On Thu, Dec 17, 2015 at 1:19 PM, Loic Dachary <loic@xxxxxxxxxxx> wrote:
> Hi Ilya,
>
> I'm seeing a partprobe failure right after a disk was zapped with sgdisk --clear --mbrtogpt -- /dev/vdb:
>
> partprobe /dev/vdb failed : Error: Partition(s) 1 on /dev/vdb have been written, but we have been unable to inform the kernel of the change, probably because it/they are in use. As a result, the old partition(s) will remain in use. You should reboot now before making further changes.
>
> waiting 60 seconds (see the log below) and trying again succeeds. The partprobe call is guarded by udevadm settle to prevent udev actions from racing and nothing else goes on in the machine.
>
> Any idea how that could happen ?
>
> Cheers
>
> 2015-12-17 11:46:10,356.356 INFO:tasks.workunit.client.0.target167114233028.stderr:DEBUG:CephDisk:DEBUG:ceph-disk:get_dm_uuid /dev/vdb uuid path is /sys/dev/block/253:16/dm/uuid
> 2015-12-17 11:46:10,357.357 INFO:tasks.workunit.client.0.target167114233028.stderr:DEBUG:CephDisk:DEBUG:ceph-disk:Zapping partition table on /dev/vdb
> 2015-12-17 11:46:10,358.358 INFO:tasks.workunit.client.0.target167114233028.stderr:DEBUG:CephDisk:INFO:ceph-disk:Running command: /usr/sbin/sgdisk --zap-all -- /dev/vdb
> 2015-12-17 11:46:10,365.365 INFO:tasks.workunit.client.0.target167114233028.stderr:DEBUG:CephDisk:Caution: invalid backup GPT header, but valid main header; regenerating
> 2015-12-17 11:46:10,366.366 INFO:tasks.workunit.client.0.target167114233028.stderr:DEBUG:CephDisk:backup header from main header.
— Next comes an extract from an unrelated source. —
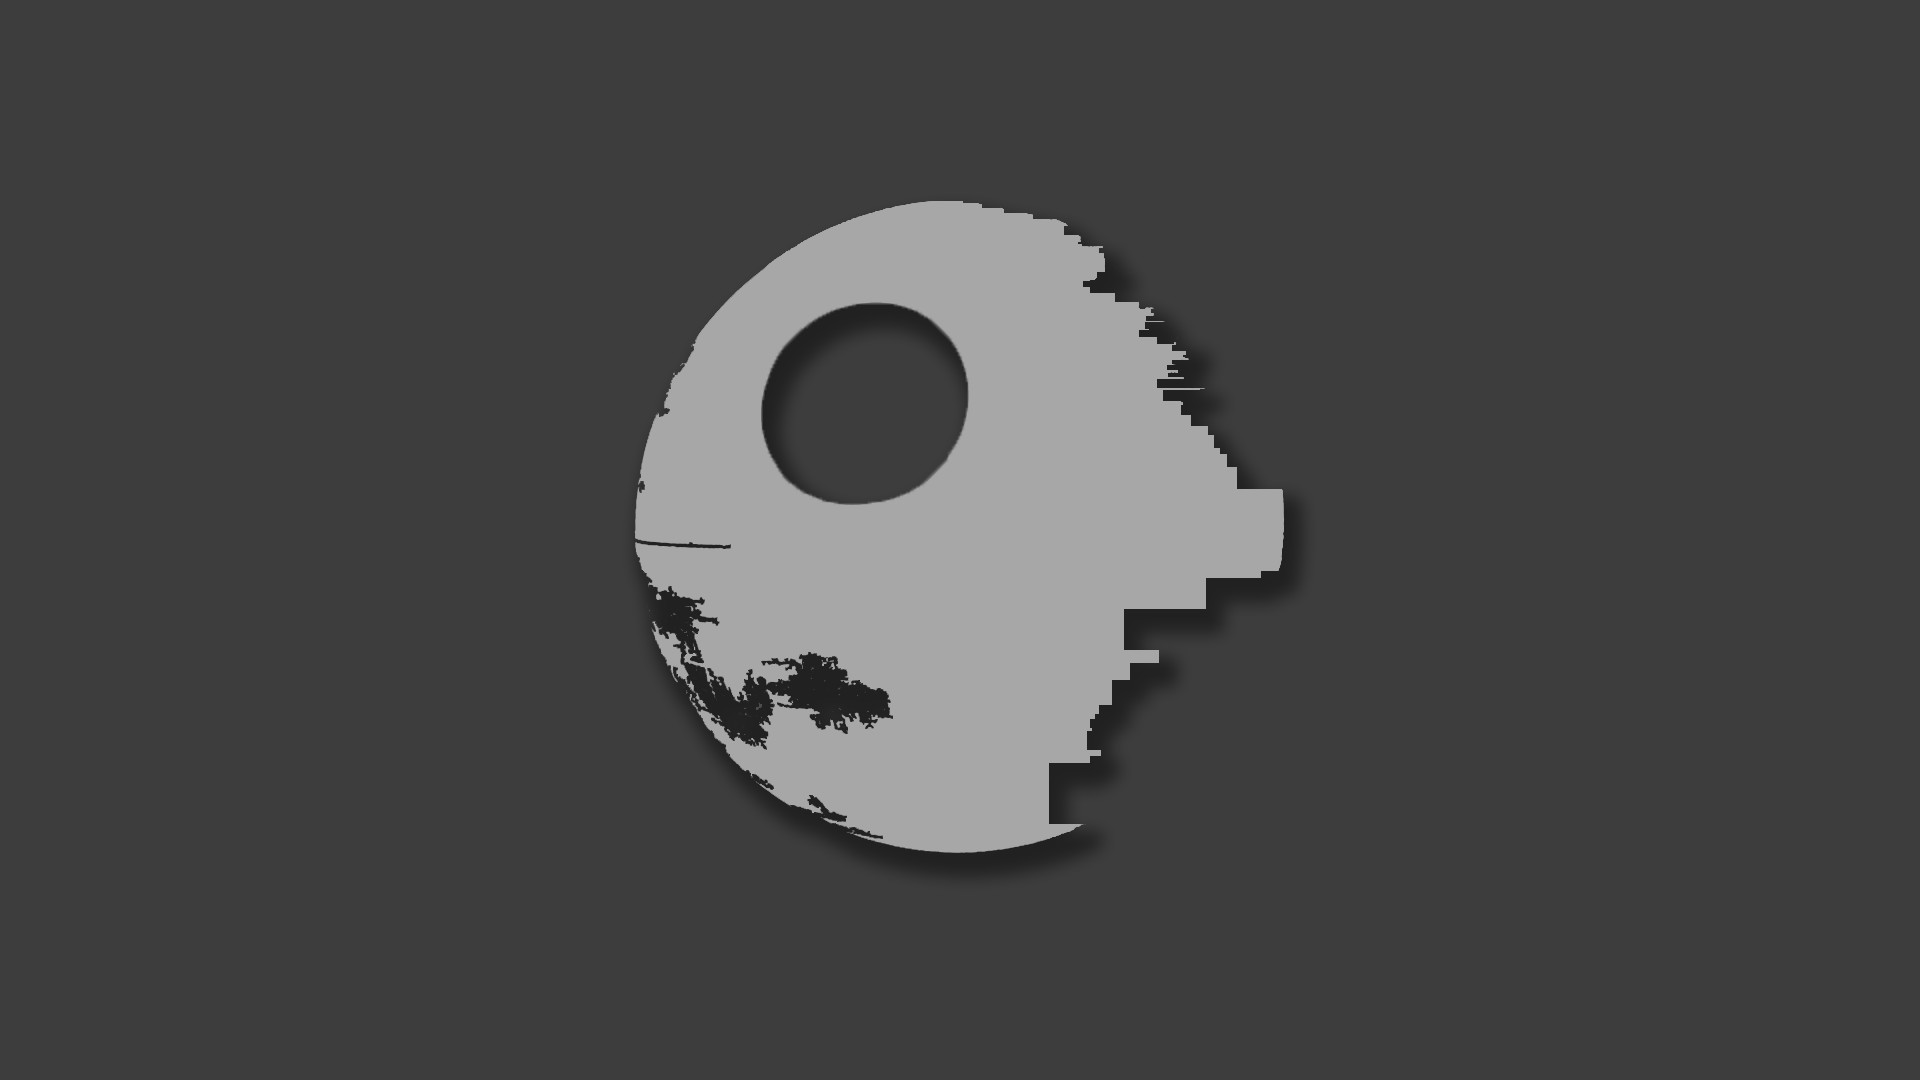 Death Star Background 70 images
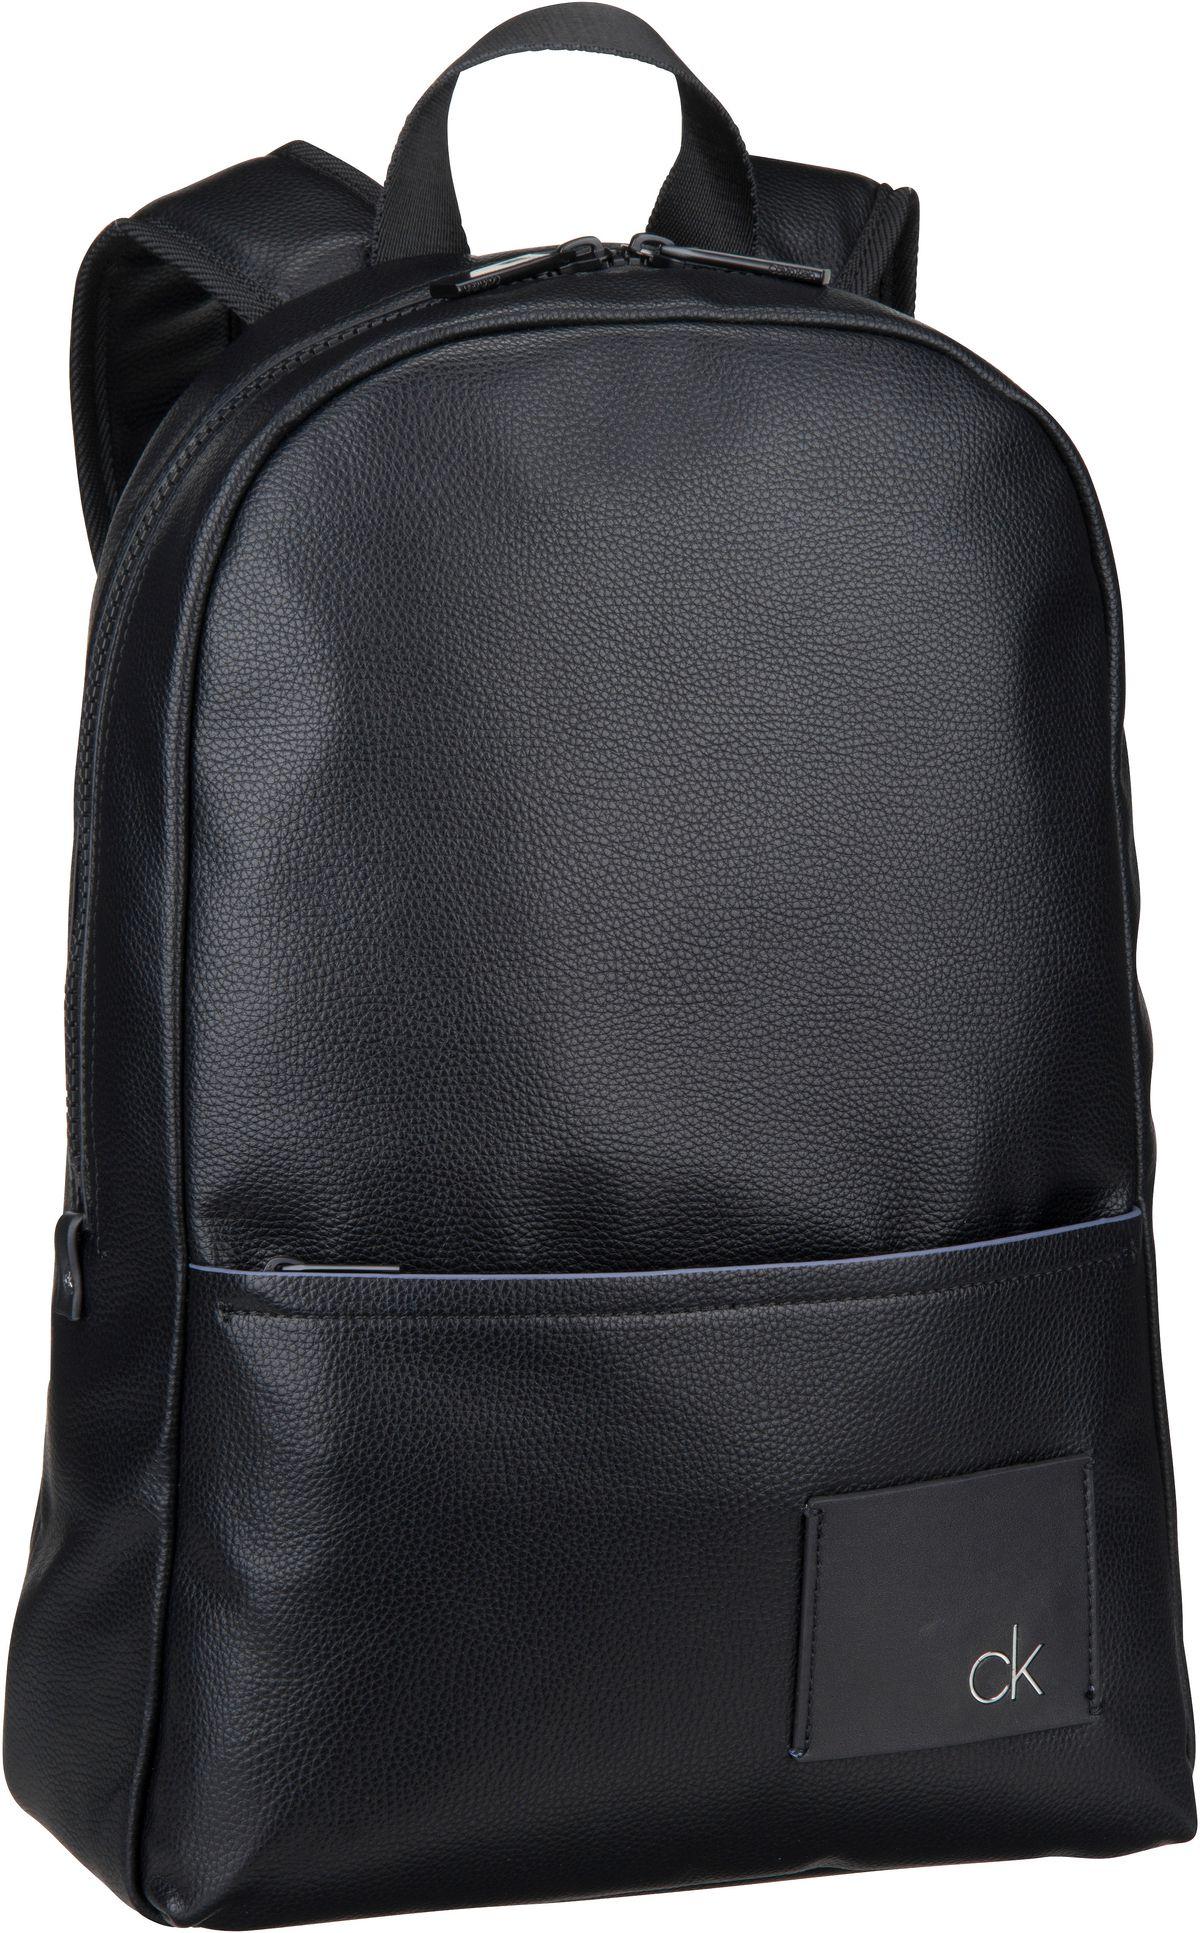 Rucksack / Daypack CK Direct Round Backpack Black

> 2015-12-17 11:46:10,366.366 INFO:tasks.workunit.client.0.target167114233028.stderr:DEBUG:CephDisk:
> 2015-12-17 11:46:10,366.366 INFO:tasks.workunit.client.0.target167114233028.stderr:DEBUG:CephDisk:Warning! Main and backup partition tables differ! Use the 'c' and 'e' options
> 2015-12-17 11:46:10,367.367 INFO:tasks.workunit.client.0.target167114233028.stderr:DEBUG:CephDisk:on the recovery & transformation menu to examine the two tables.
> 2015-12-17 11:46:10,367.367 INFO:tasks.workunit.client.0.target167114233028.stderr:DEBUG:CephDisk:
> 2015-12-17 11:46:10,367.367 INFO:tasks.workunit.client.0.target167114233028.stderr:DEBUG:CephDisk:Warning! One or more CRCs don't match. You should repair the disk!
> 2015-12-17 11:46:10,368.368 INFO:tasks.workunit.client.0.target167114233028.stderr:DEBUG:CephDisk:
> 2015-12-17 11:46:11,413.413 INFO:tasks.workunit.client.0.target167114233028.stderr:DEBUG:CephDisk:****************************************************************************
> 2015-12-17 11:46:11,414.414 INFO:tasks.workunit.client.0.target167114233028.stderr:DEBUG:CephDisk:Caution: Found protective or hybrid MBR and corrupt GPT. Using GPT, but disk
> 2015-12-17 11:46:11,414.414 INFO:tasks.workunit.client.0.target167114233028.stderr:DEBUG:CephDisk:verification and recovery are STRONGLY recommended.
> 2015-12-17 11:46:11,414.414 INFO:tasks.workunit.client.0.target167114233028.stderr:DEBUG:CephDisk:****************************************************************************
> 2015-12-17 11:46:11,415.415 INFO:tasks.workunit.client.0.target167114233028.stderr:DEBUG:CephDisk:Warning: The kernel is still using the old partition table.
> 2015-12-17 11:46:11,415.415 INFO:tasks.workunit.client.0.target167114233028.stderr:DEBUG:CephDisk:The new table will be used at the next reboot.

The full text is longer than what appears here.